The second half of the course was, for me, the more enjoyable, as I was focusing primarily on literature and film, allowing me to exercise the literary-critical muscles that I developed in my first degree. In the module on the Holocaust also, I chose to write on literary responses. Literature and film is one of the newer areas of study in Jewish-Christian relations, recognising that for many people, literary images of Jews may be equally, if not more significant than Biblical and religious images. (How many people have read The Merchant of Venice or Oliver Twist as set texts at school?) Alongside familiar texts such as Oliver Twist or Daniel Deronda, I was also introduced to some 19th century texts by Jewish writers, Israel Zangwill and Amy Levy, articulating their experience as part of the growing British Jewish community.
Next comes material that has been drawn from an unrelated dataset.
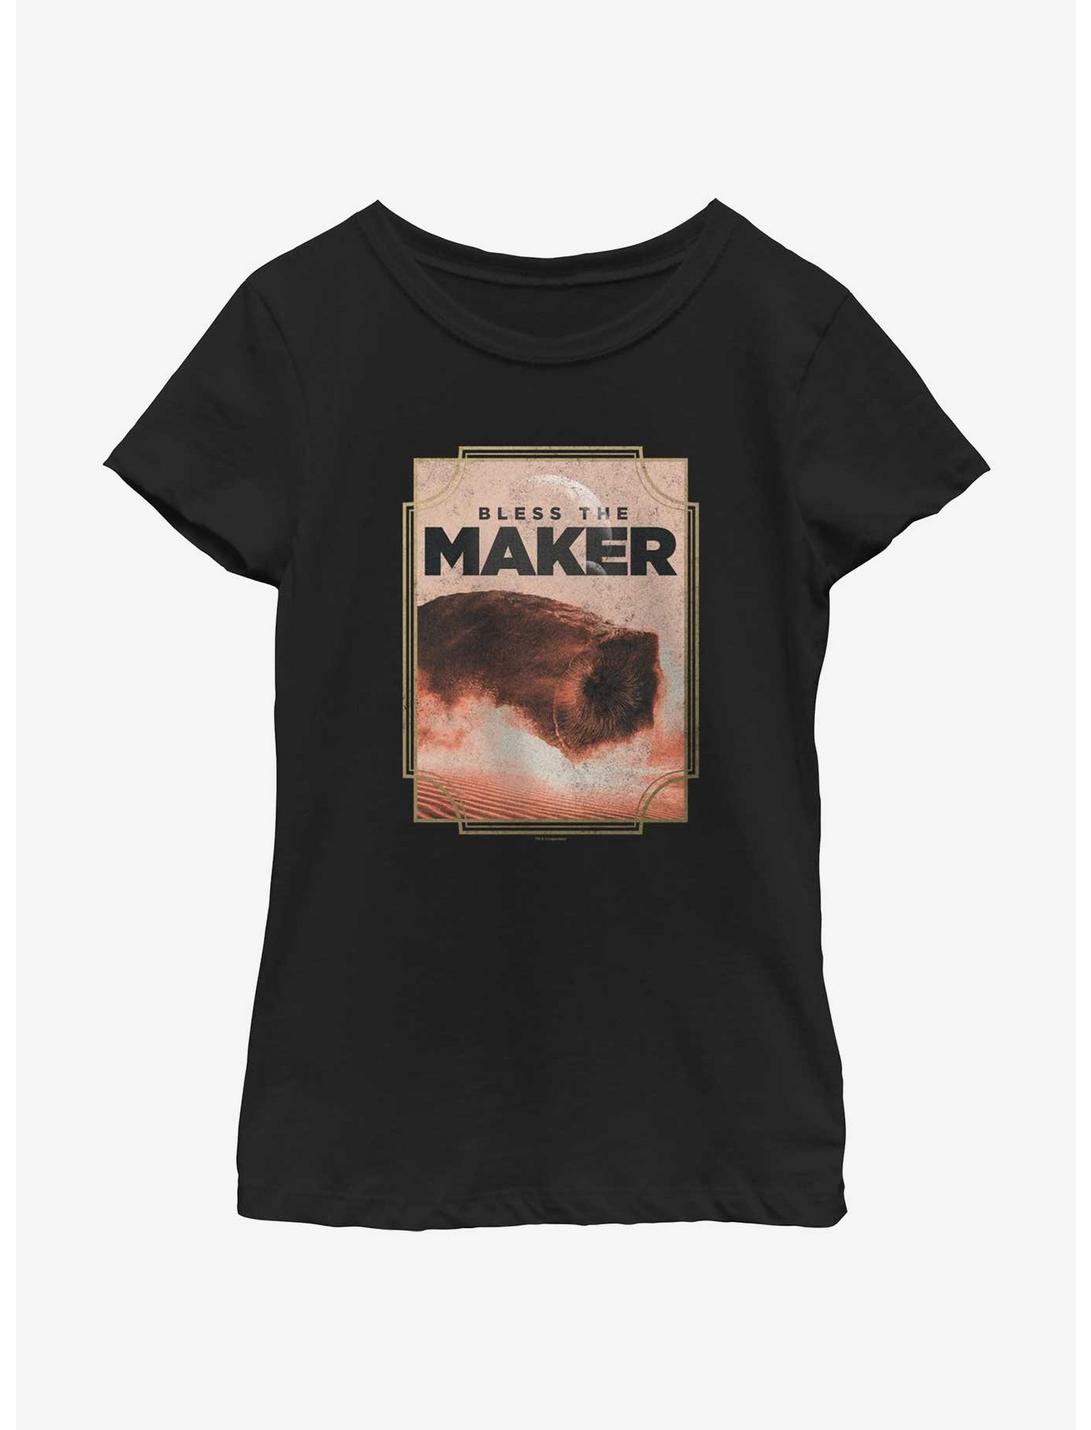 Dune: Part Two Bless The Maker Youth Girls T-Shirt, BLACK, hi-res
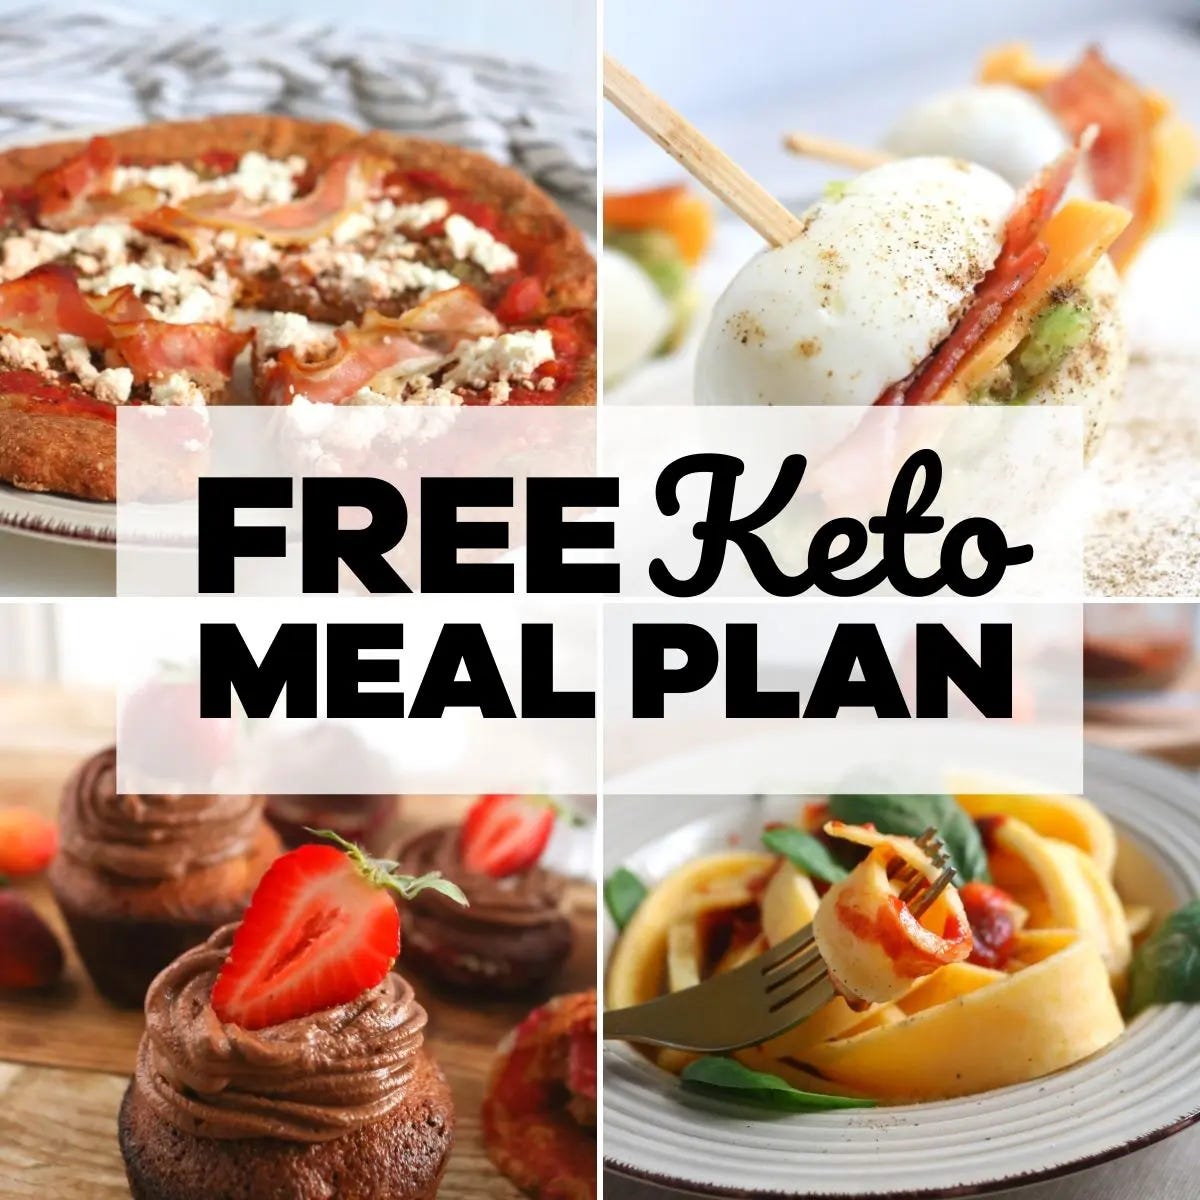 19-DAY KETO DIET PLAN FOR BEGINNERS TO GET INTO KETOSIS - boss - Medium

As well as intersecting with some of the familiar concerns of Jewish-Christian relations (for example in the question of how Jews and Jewishness are presented in films about Jesus), the study of literature and film enabled us to think about different concerns relating to our contemporary situation, such as intermarriage (touched on in many films from The Jazz Singer's successful Jewish/non-Jewish partnership - to the questions raised in Gentleman's Agreement - a 1947 film on antisemitism in America - and the failed relationship of Woody Allen's Annie Hall).
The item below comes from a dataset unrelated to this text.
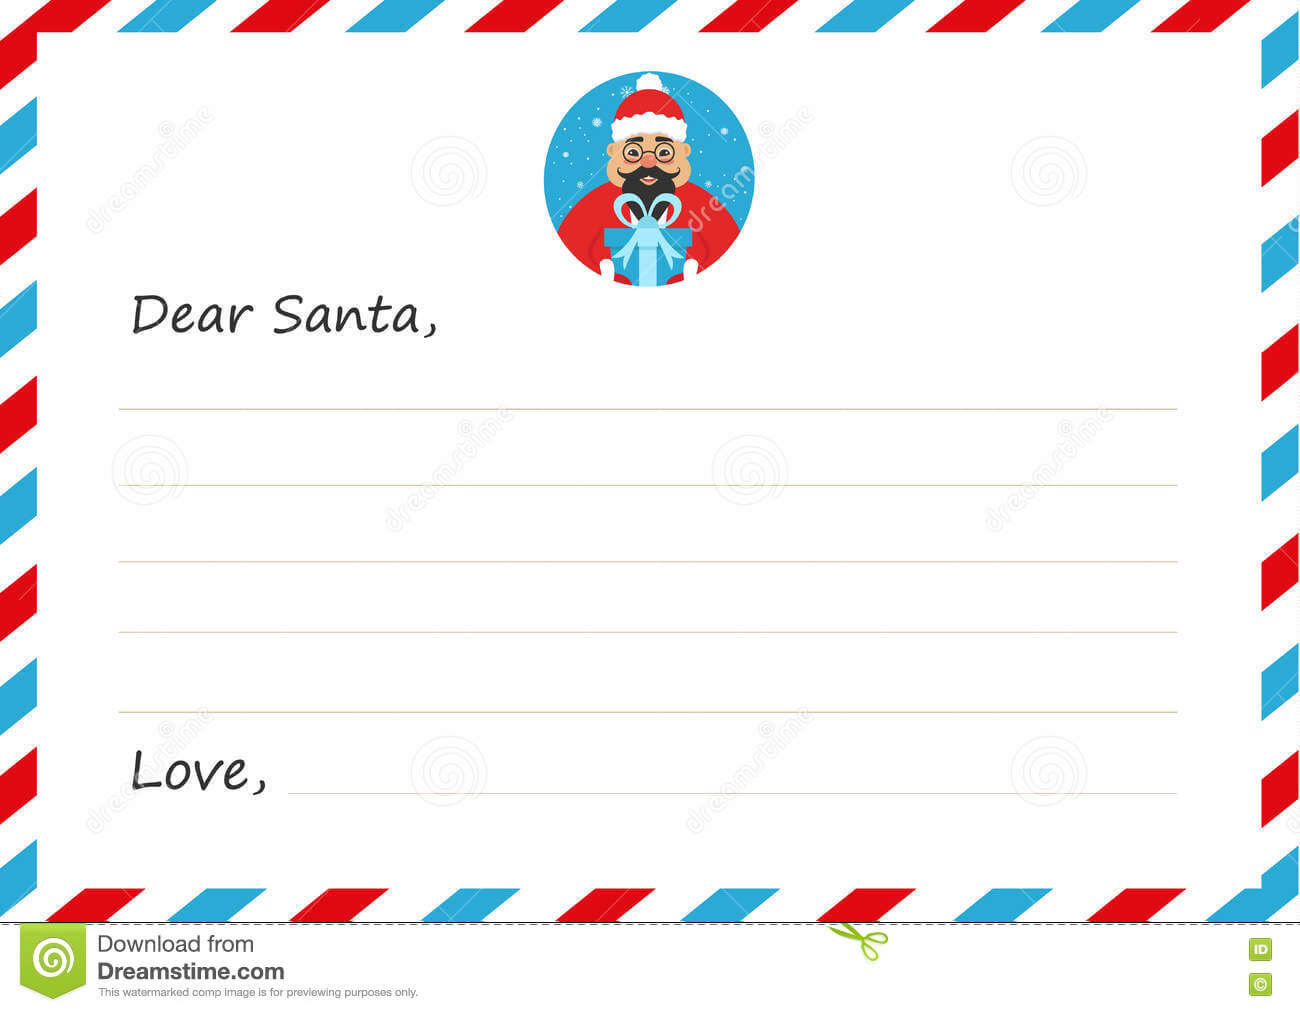 Template Envelope New Year`s Or Christmas Letter To Cute Throughout Christmas Note Card Templates
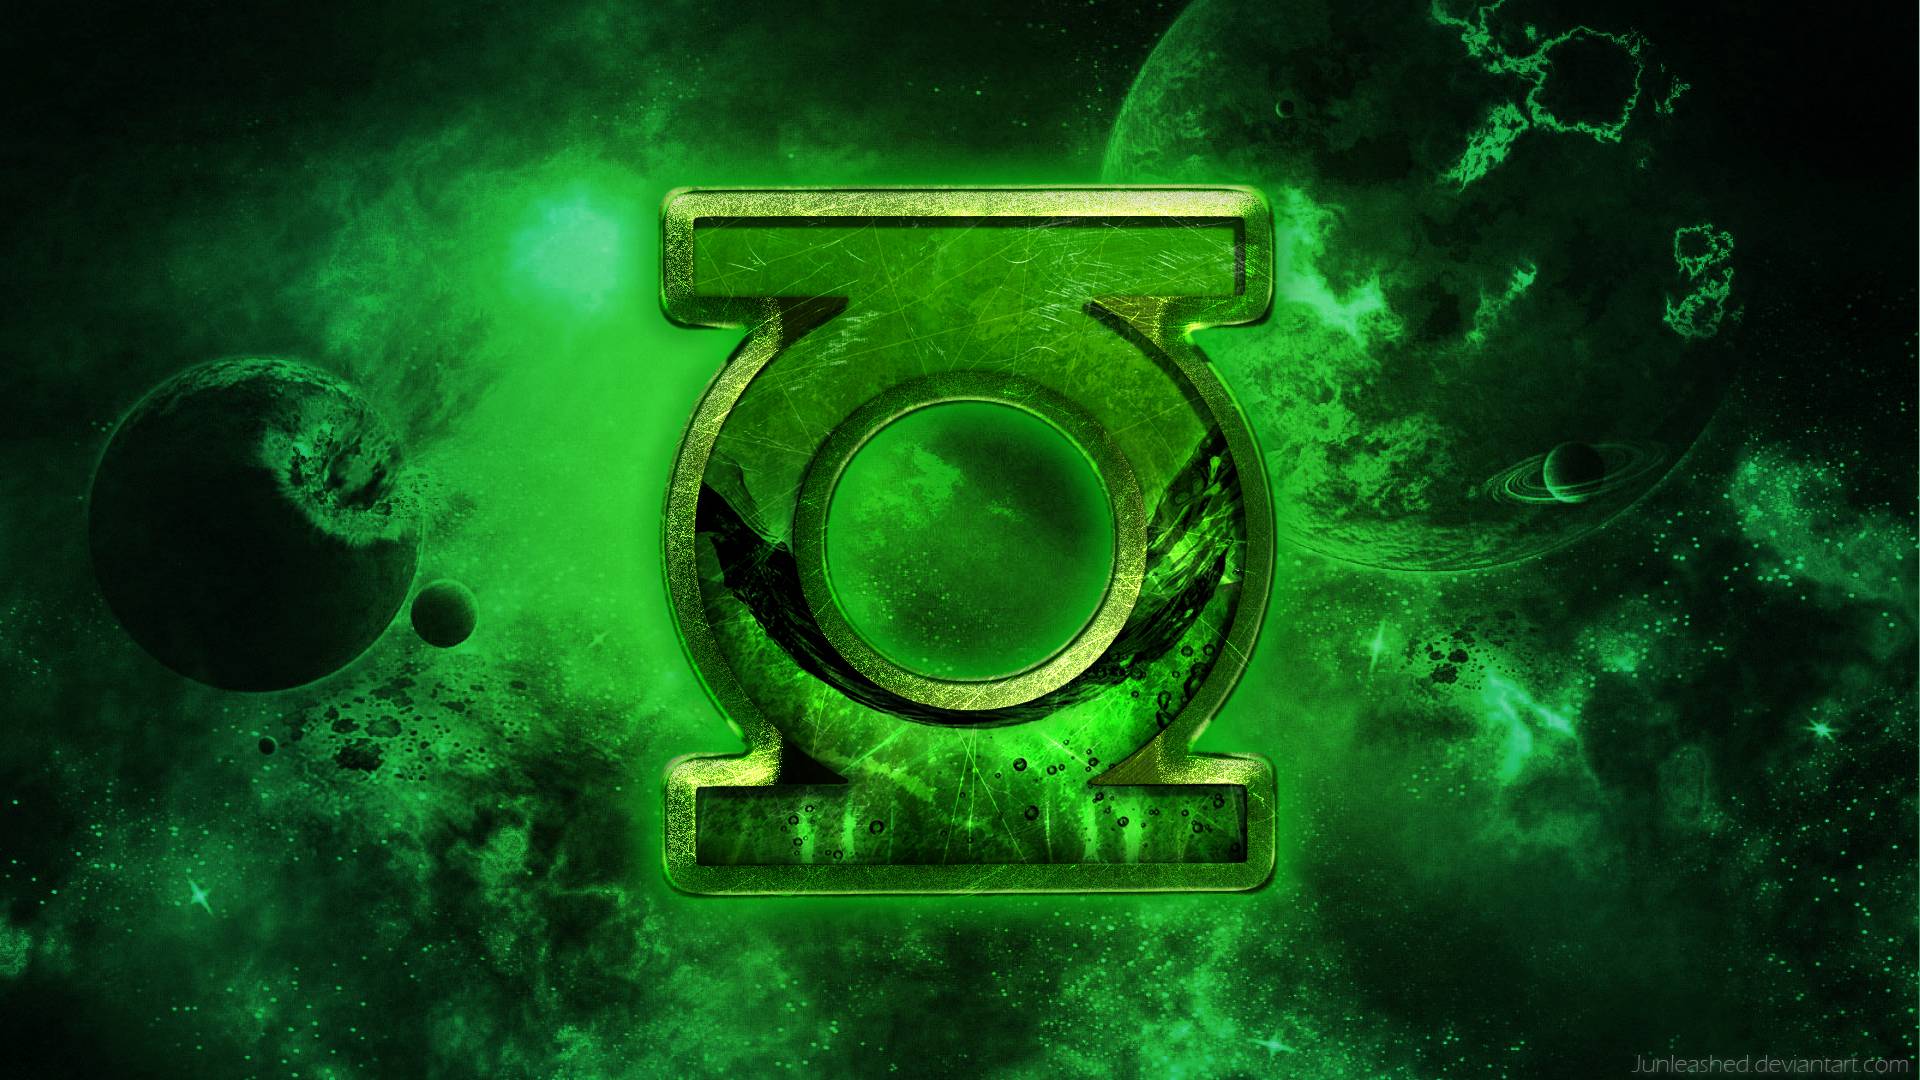 Download The iconic symbol of willpower and courage from the Green Lantern  Wallpaper  Wallpaperscom

I decided to take the study of film further in my dissertation, in which I am looking at the representation of Jewish identity in films relating to the Holocaust such as Schindler's List and the recent The Pianist. I am thinking about the way in which these films present Jewish identity in relation to ideas of race and nationality; whether/how they use religious images and symbolism (a large proportion of the films portray assimilated, non-religious Jews), whether they distinguish between the experiences of men and women (few seem to feature Jewish women in prominent roles). One of my recurring questions is how these films relate to stereotypes of "the Jew" as "Other", and whether, in attempting to suggest the experience of the Holocaust they question or reproduce this status. Fortunately, the Centre is generous in the amount of time they give us to complete our dissertations, and I am expecting this to keep me occupied at least until the New Year. I am not sure what I will be doing after that, but I hope it will be something that will make use of my experience this year, and allow me to keep reflecting on the questions that I have started to explore.